For plants: Upon delivery in early spring, plant immediately in a hole that has been amended with organic matter and grit for good drainage. Do not allow mulch or other organic matter to touch the crown of the plant and induce rot. Water in thoroughly.
For seeds: Lupine seeds can be planted in very early spring, but tend to do better if planted in late spring and allowed to overwinter, blooming in the following spring like foxgloves. They have a very tough seed coat, and it’s a good idea to either soak seeds for 24-48 hours, or roughen them between two sheets of sandpaper before planting. Cover lightly with soil (1/8”) and tamp down the seeds well – making sure they make good soil to seed contact. Water in, and if the weather is dry, water lightly until germination which can take up to 10 days.
How to Grow Lupine Throughout the Season
Growth Habit: Lupine has a rounded shrub-like habit and grows from 12-48” high depending on species or variety. Individual flowers resemble those of peas and are densely packed on several spikes above the foliage.
Staking: For Russell hybrids and taller species, it is wise to stake flower spikes if you have the time. Though they stand very straight on their own, high winds can blow the flower spikes over and create a curve in the flower as it attempts to grow back towards the sun. Smaller wildflower species do not need staking.

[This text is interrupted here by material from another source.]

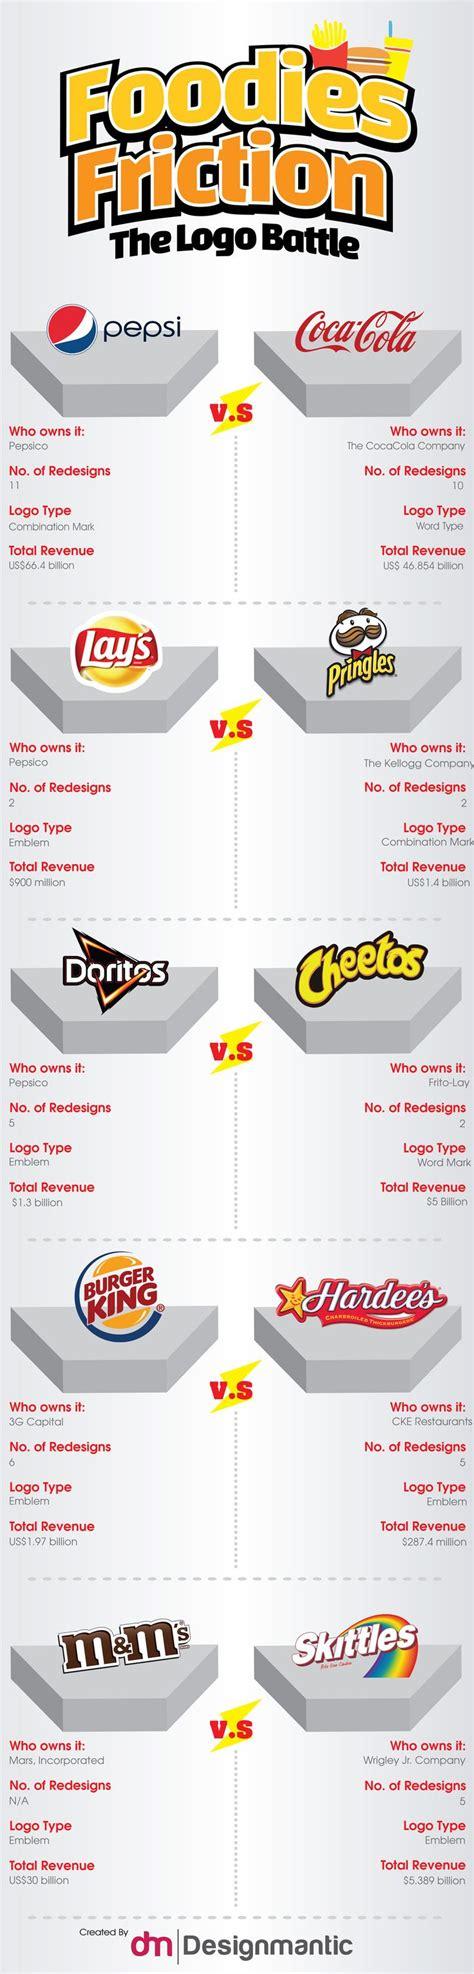 designmantic infographics 17 best images about logo design on pinterest negative

Watering: For the first few months in your garden, make sure that lupine plants are getting adequate water for good root development (they are deeply rooted), but let the soil dry out between waterings. After that, water only during periods of drought or very dry spells.
Fertilizing: Extra fertilizing is not necessary, but a top dressing of compost is appreciated, as long as it isn’t placed close to the crown of the plant.
Mulching: A light dressing of mulch is not a bad idea, particularly in hotter climates, but it is crucial that mulch is not allowed to touch the crown of the plant and induce stem rot.
Trimming & Pruning: Lupine can bloom again lightly on side shoots if immediately deadheaded. If seeds have begun to form in the lower parts of the flower however, they are unlikely to repeat their bloom.
After blooming, the foliage is not as attractive in the garden and can often suffer from mildew. As cutting it back completely can kill or weaken the plant, many gardeners choose to remove the plants completely and grow lupine as biennials, placing out new spring-grown plants in the fall for the next season. This is especially true in the southern limits of its heat hardiness where humidity is punishing.
Lupine: End of Season Care
If you are growing lupines for blooming the following spring, it’s wise to make sure that they are sited where you eventually want them. Lupines have deep roots and do not transplant well as they get bigger. Moreover, they start growing very early in the spring when digging and transplanting might not be advisable.
Make sure that lupine is not situated somewhere that will suffer from wet soil during the winter months which is a difficult situation for the plant to recover from.
Dividing and Transplanting: Lupine does not need to be divided and is actually difficult to divide due to its deep tap root.
Pests & Disease: Lupine can suffer from powdery mildew, particularly in hot and humid climates for which it is not suited. There are no other major pests for this plant besides pill-bugs (roly-polys, sow bugs) which like to eat the seeds and seedlings. Birds can be a problem if seeds are not lightly covered with soil at planting time.
Additional Concerns: Lupine seeds are actually cultivated as a food crop in some areas of the world, and therefore people assume that all lupine seeds are edible. However, these are specific species – some of the cultivated varieties and hybrids are toxic. Therefore, it’s best not to use the seeds in any culinary way, and to instruct children not to put the pea-like seeds into their mouths.